У Эллен вырвался возглас, который всегда огорчал Яна, когда он его слышал, и который она тщетно старалась превратить в подобие смешка. Она знала, идти на поводу у чувства нереальности небезопасно, но оно было необходимо ей как воздух. Оно пронизывало все ее существо, до мозга костей. Выспрашивать о нем было бессмысленно, но Ян невольно выспрашивал снова и снова, а она невольно снова и снова увиливала. Таковы были правила, установленные много лет назад, кем — неизвестно. Эллен процитировала Яну фразу из книги, которую только что случайно открыла: «Несомненно, рано или поздно муж и жена становятся как родственники, но приходит это само собою, когда страсть остывает». Ян промолчал. Однако среди дня он схватит Эллен за волосы, запрокинет ей голову. Ну что? Остыла страсть?
Сейчас он сказал, что надо спуститься к пруду — этим летом, по предложению Ирены, его нарекут «озерцом», — глянуть, там ли опять лебеди и нырки. У лебедей было пять птенцов, которых они старательно прятали от людских глаз. Горделивым кильватерным строем: один родитель впереди, второй сзади, а между ними, четко выдерживая дистанцию, пятерка птенцов — семейство поспешно скрылось за поросшим буйной зеленью островком посреди пруда, где выводили птенцов не только лебеди, но и великое множество иных водоплавающих птиц. Ян купит себе бинокль, ему хочется выяснить, какие там птицы. Он долго наблюдал за чомгой, завороженный ее способностью выныривать непременно позже, чем надо, и совсем не там, где ждешь. Восемьдесят процентов ландшафта — это небо, сказала Эллен. Пожалуй, ей это нравится. Ян, правда, с детства отдавал предпочтение горам, но теперь он как будто бы и без них обходится.
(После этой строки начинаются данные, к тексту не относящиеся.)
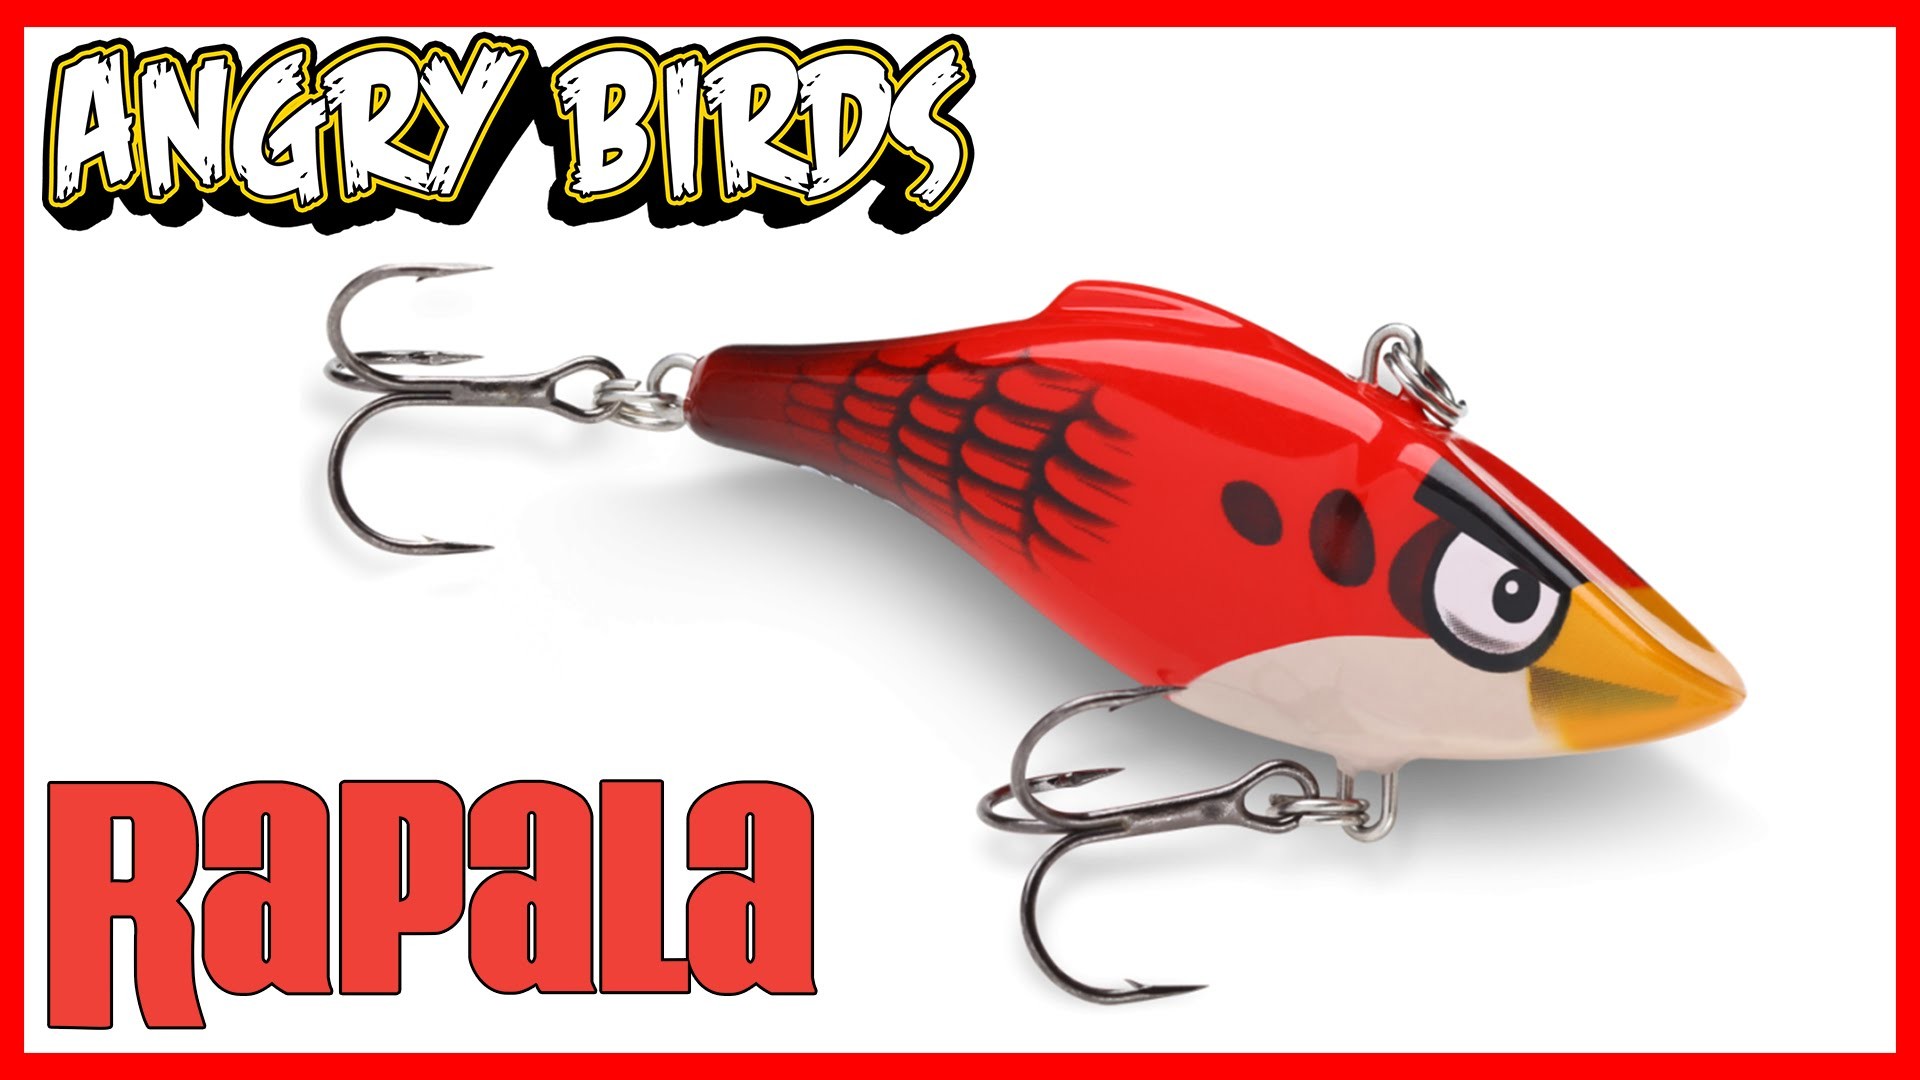 1920x1080 Rapala Angry Birds Fishing Lure [UNBOXING] "Rattlin' Red Bird" - YouTube
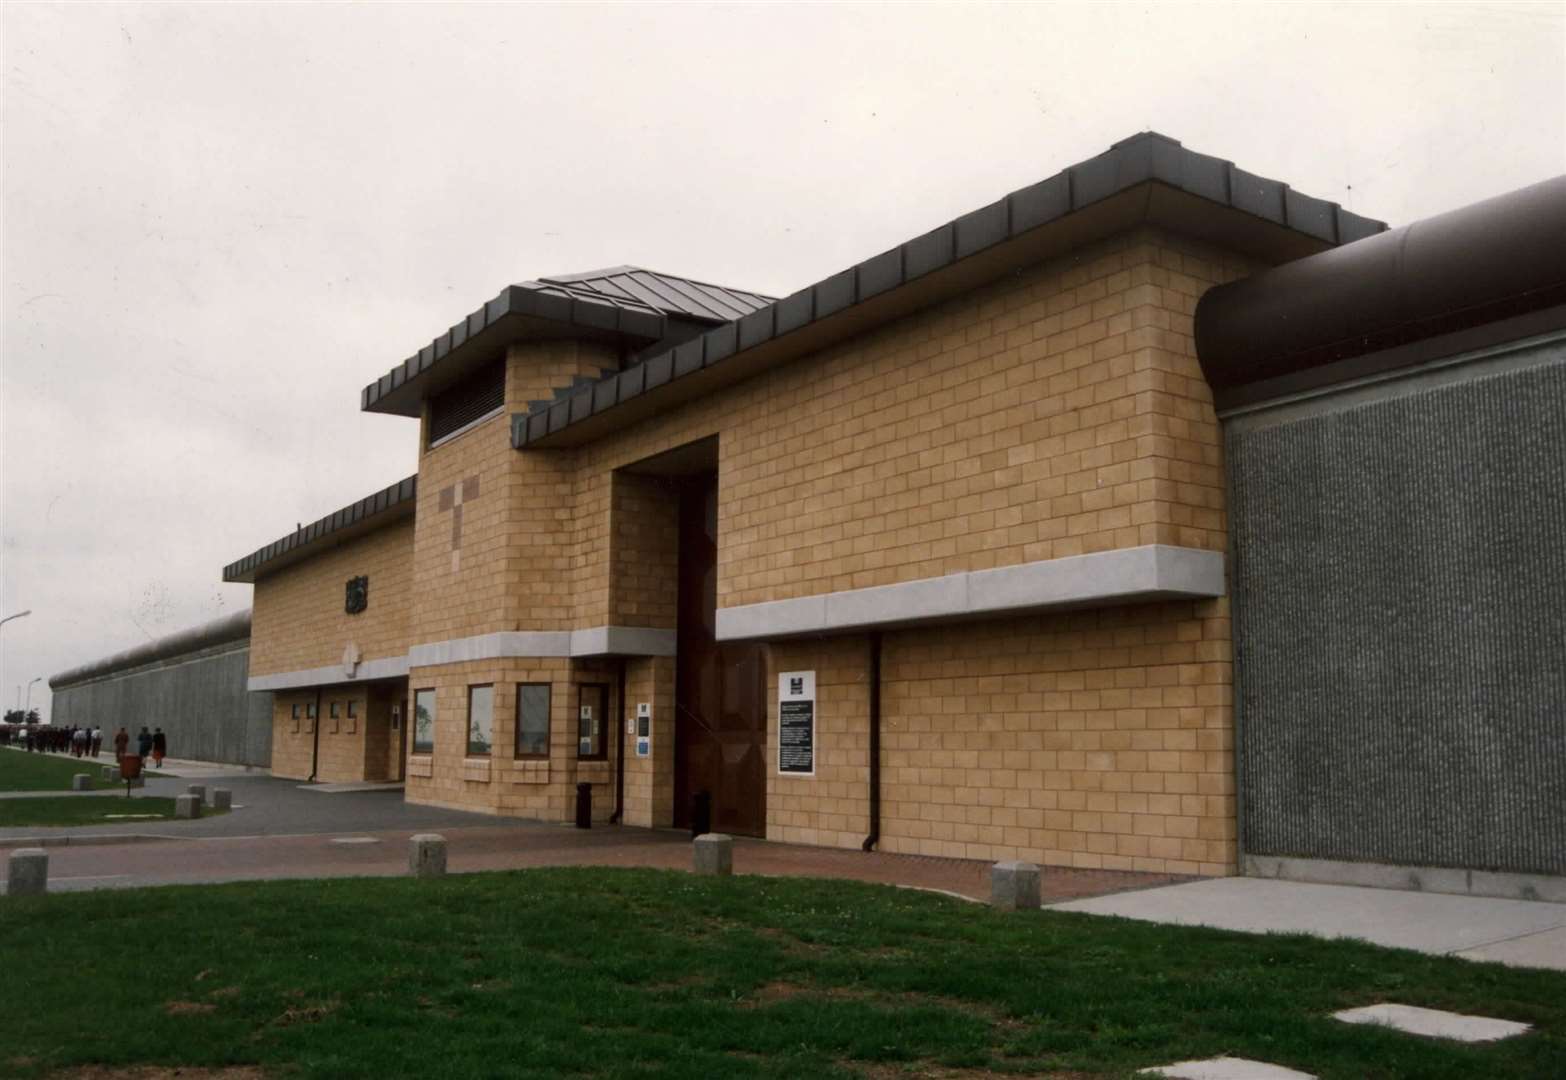 Elmley Prison in Eastchurch on the Isle of Sheppey

Вечером, в огромной тишине, которая прежде, наверно, была одною из земных стихий, а теперь укрылась на селе, Эллен лежала в темно-коричневой деревянной кровати и чувствовала, как напряженная, возникающая от нервного истощения городская усталость, не благоприятствующая сну, переходит в тяжелую, здоровую сельскую усталость. Перед тем как заснуть, она еще подумала, как давно уже не ощущала внутри укола, каким ее тело давало понять, что она потрясена до глубины души. Остыла ли страсть? Она не знала.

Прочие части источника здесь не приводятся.